Federal Decree-Law No. (25) of 2025 promulgates a new UAE Civil Transactions Law, in force on 1 June 2026. It replaces the 1985 law in full. For trading houses, commodity traders, freight forwarders, warehouse operators, and distributors operating in the UAE, the Civil Code provisions on Salam (forward) sales, deposit and warehousing, documents of title, and contested-cargo sequestration are now restated — and several drafting and operational habits are worth a refresh.
Here are four changes worth tracking before 1 June 2026.
1. Salam contracts — the anti-exploitation safeguard
Articles 522–531 codify the Salam (forward) sale. The contract structure is familiar: deferred delivery of generically described goods for an advance price, with the specification requirements at Article 523 — genus, type, quality, quantity, time of delivery, and known capital paid at contracting.
The headline new-law provision is Article 531: where a Salam purchaser exploits a farmer's need and buys a future crop at a manifestly grossly unfair price or terms, the seller may, at the time of performance, request the court to adjust the price or terms — taking into account circumstances of time and place, general price levels, and differences between the dates of the contract and delivery.
The purchaser may decline the adjustment and recover the price actually paid (with the seller then free to sell elsewhere). Any agreement waiving the seller's right — whether in the Salam contract or as a separate obligation — is void.
For agricultural commodity traders, this means contract files should document the price-discovery basis carefully — market reference points, dates, comparable transactions. The defence against an Article 531 challenge is evidence-based, not contractual disclaimer-based.
2. Documents of title — Article 1203
Article 1203 is a short provision with significant trade-finance implications. The delivery of documents issued in respect of goods entrusted to a carrier or deposited in warehouses is deemed equivalent to the delivery of the goods themselves. Where one person receives the documents and another receives the goods, both in good faith, priority goes to the one who received the goods.
For document-against-payment and document-against-acceptance trade flows, and for warehouse-receipt financing, this is the Civil Code anchor for the document-of-title concept. The Commercial Code remains the primary regime for commercial trade documents, but Article 1203 confirms the doctrine at the civil-law base.
3. Warehouse and deposit operations — the trust status
Articles 904–930 restate the deposit contract. Three operational provisions matter most:
- Article 906(2). The deposit is a trust held by the depositary; the depositary is liable for perishing or damage due to a cause attributable to them, unless otherwise agreed.
- Article 908. Care of an ordinary person; placement in a place of custody of the like; safekeeping personally or through dependents.
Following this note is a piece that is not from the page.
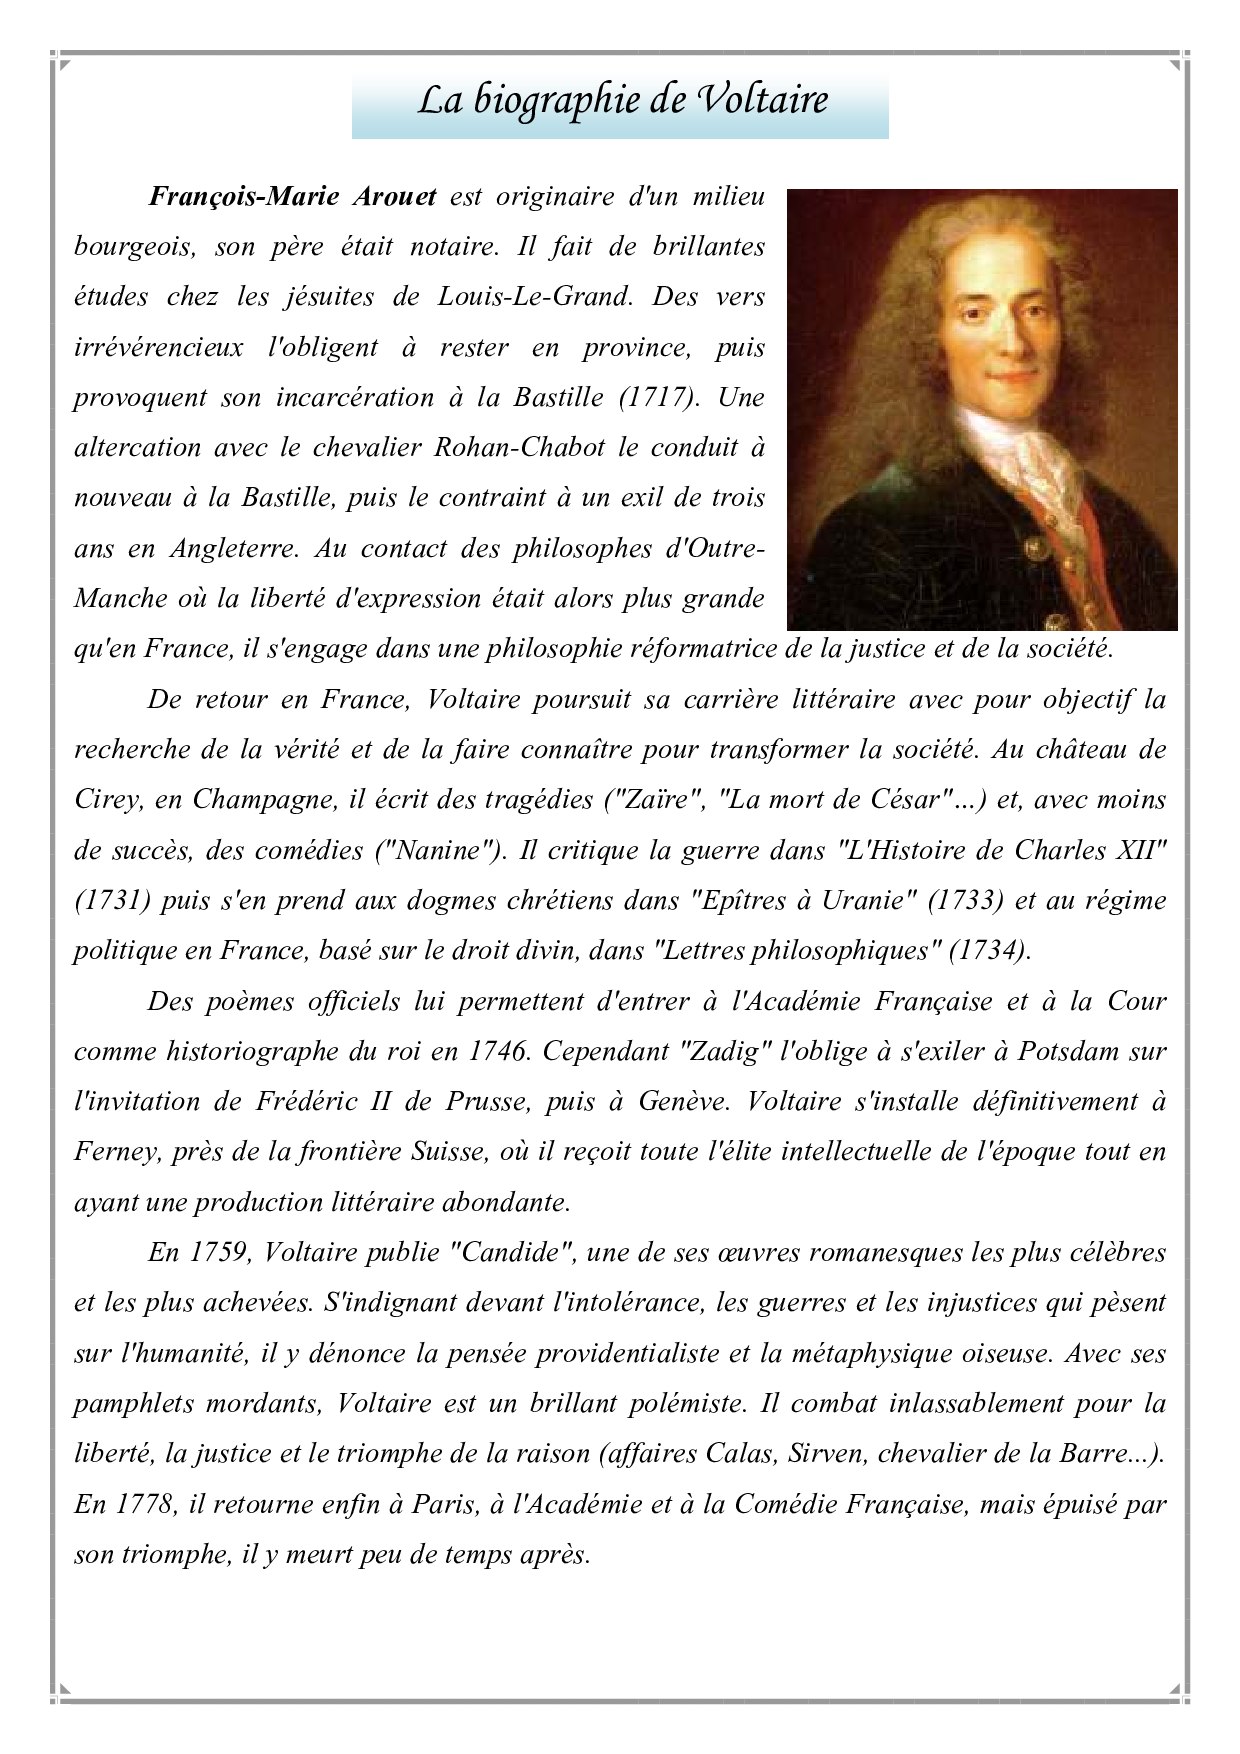 voltaire biography questions

- Articles 909–910. No third-party placement without the depositor's permission (urgent necessity carve-out); no use, and no creation of third-party rights, without depositor permission.
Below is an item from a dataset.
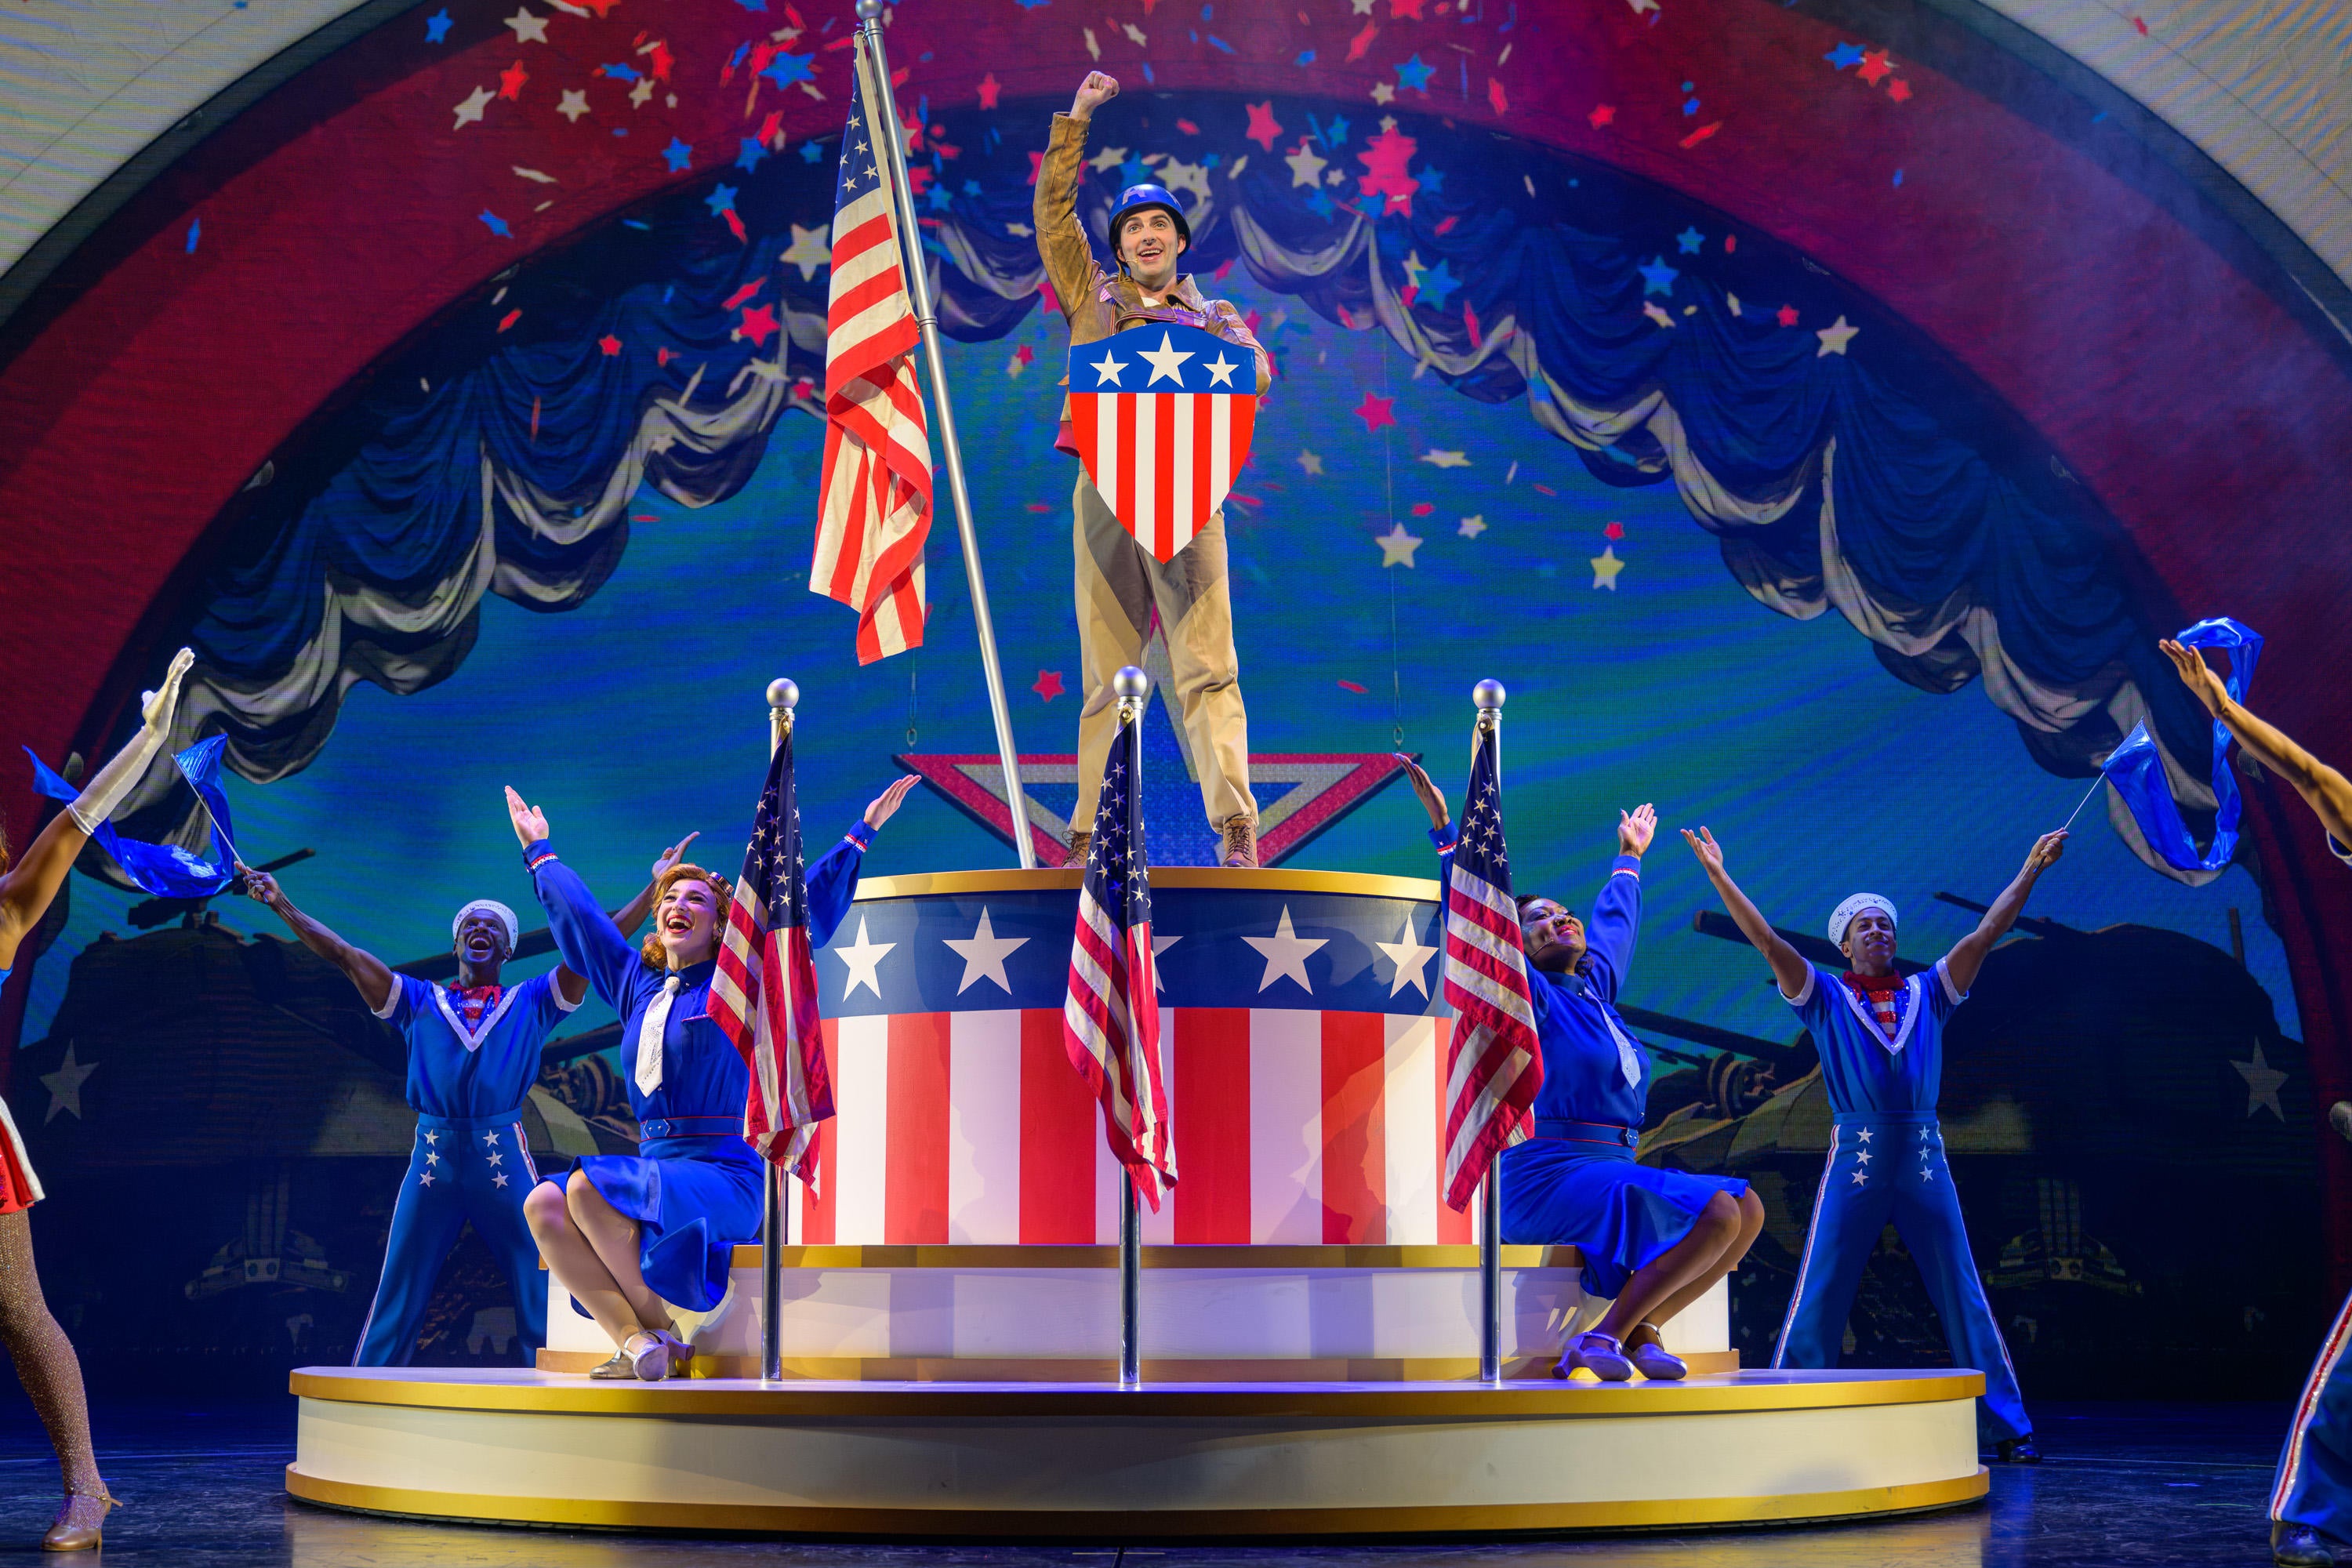 'Rogers: The Musical' Live Theater Show at Disneyland Resort - 'Star Spangled Man'

For warehousing practice, this means:
- The permission regime for use, mixing, and storage-with-third-parties needs to be expressly documented.
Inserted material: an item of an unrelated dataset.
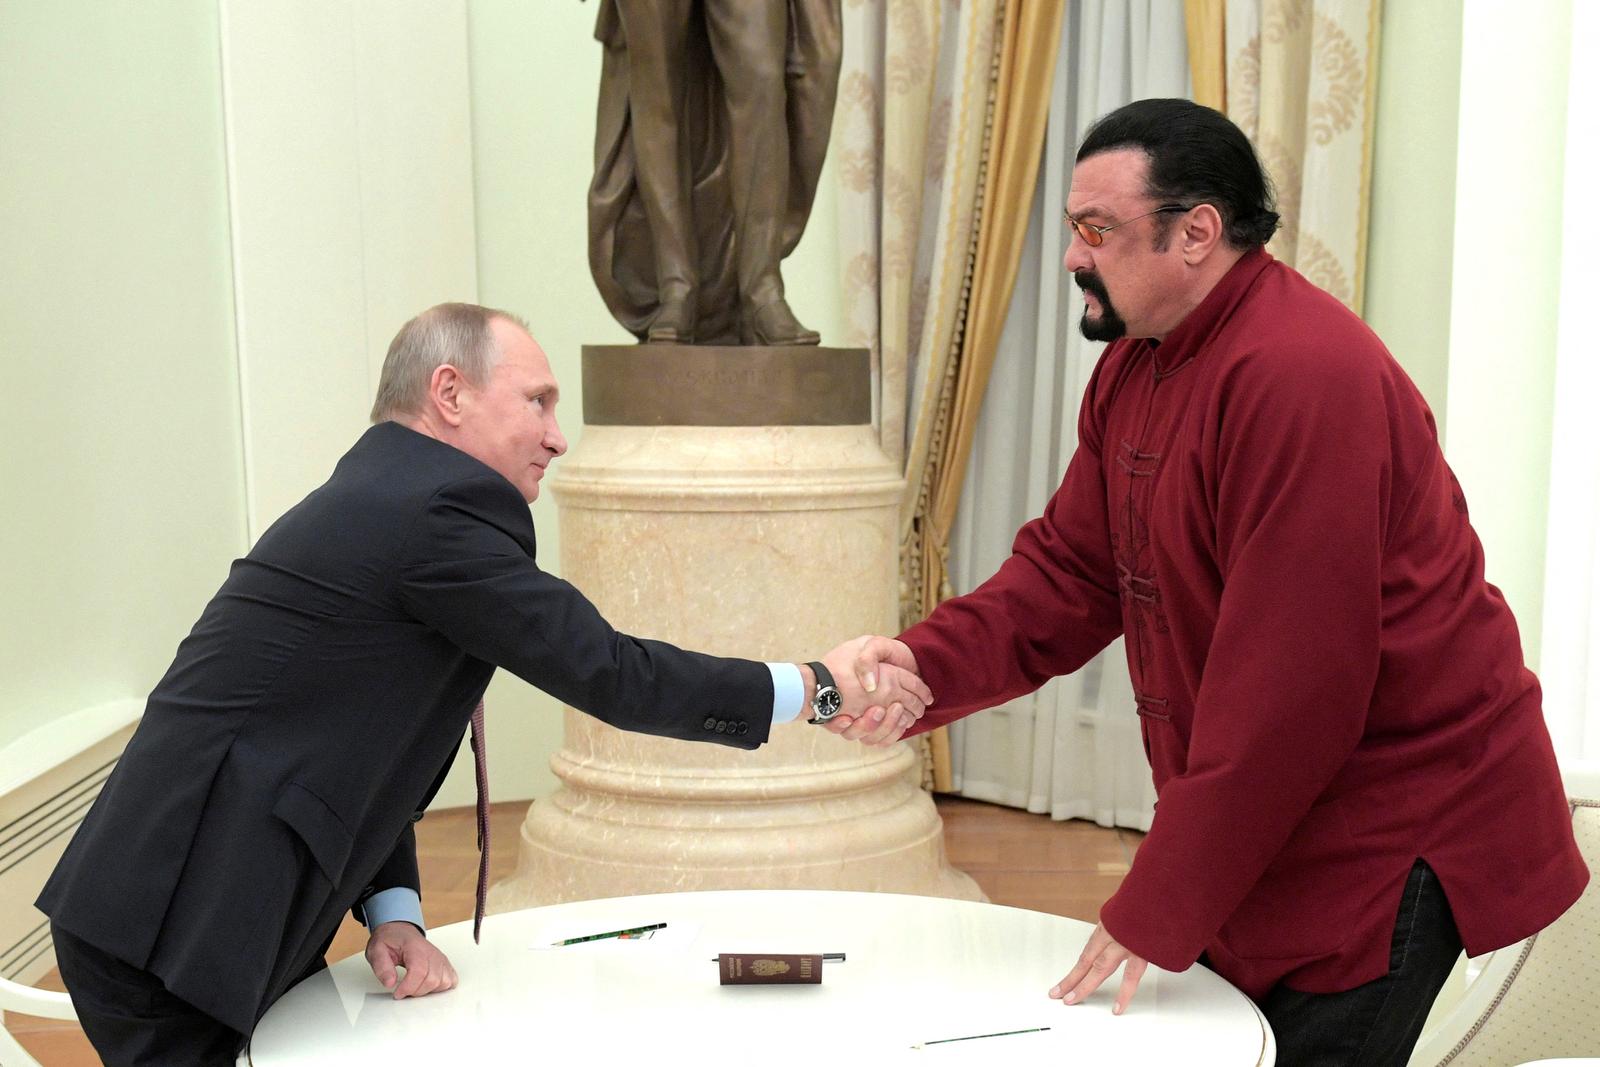 FILE PHOTO: Russia's President Vladimir Putin (L) shakes hands with U.S. actor Steven Seagal during a meeting at the Kremlin in Moscow, Russia, November 25, 2016. Sputnik/Kremlin/Alexei Druzhinin via REUTERS. ATTENTION EDITORS - THIS IMAGE WAS PROVIDED BY A THIRD PARTY. EDITORIAL USE ONLY./File Photo Photo: Sputnik Photo Agency/REUTERS

- Operational SOPs should reflect the care-of-an-ordinary-person standard.
- Where commingling is contemplated, the rules at Article 914 govern — similar-with-similar mixing allocates loss pro rata until specific identification.
4. Sequestration for contested cargo and stock — Article 931
Where ownership or possession of goods is contested — for example, cargo under dispute pending resolution of a title claim, or seized warehouse stock — Article 931 confirms the sequestration framework. Article 933 permits the court to appoint a sequestrator on imminent danger or just cause; the sequestrator's mandate may include exercising rights in the interest of the parties.
The Articles 936–945 framework then governs the sequestrator's conduct, accountability, and termination. For trading houses caught in title-dispute situations, this is the procedural tool to preserve value pending resolution. It should sit in the internal playbook alongside attachment and arrest measures.
A note on retention liens
Articles 350–353 restate the general right of retention. Where a carrier or warehouse has incurred necessary or beneficial expenses on property in their possession, they may withhold its return until they recover what is due by law (Article 350(2)). Retention conveys priority over ordinary creditors (Article 352). For unpaid haulage or storage charges, the retention right sits alongside the Commercial Code's carrier-lien provisions.
A note on running limitation diaries
The merchant-and-manufacturer 2-year claim window under Article 432 — for items supplied to non-trade purchasers, and hotel-and-restaurant accommodation/food/account claims — is unchanged in posture but worth re-confirming. Acknowledged or instrumentalised debts revert to the 15-year ceiling from maturity (Article 433(2)).
Articles 6–7 require limitation periods that have not yet expired on 1 June 2026 to be recalculated against the new periods. Every live trade-debt collection file should be reviewed before that date.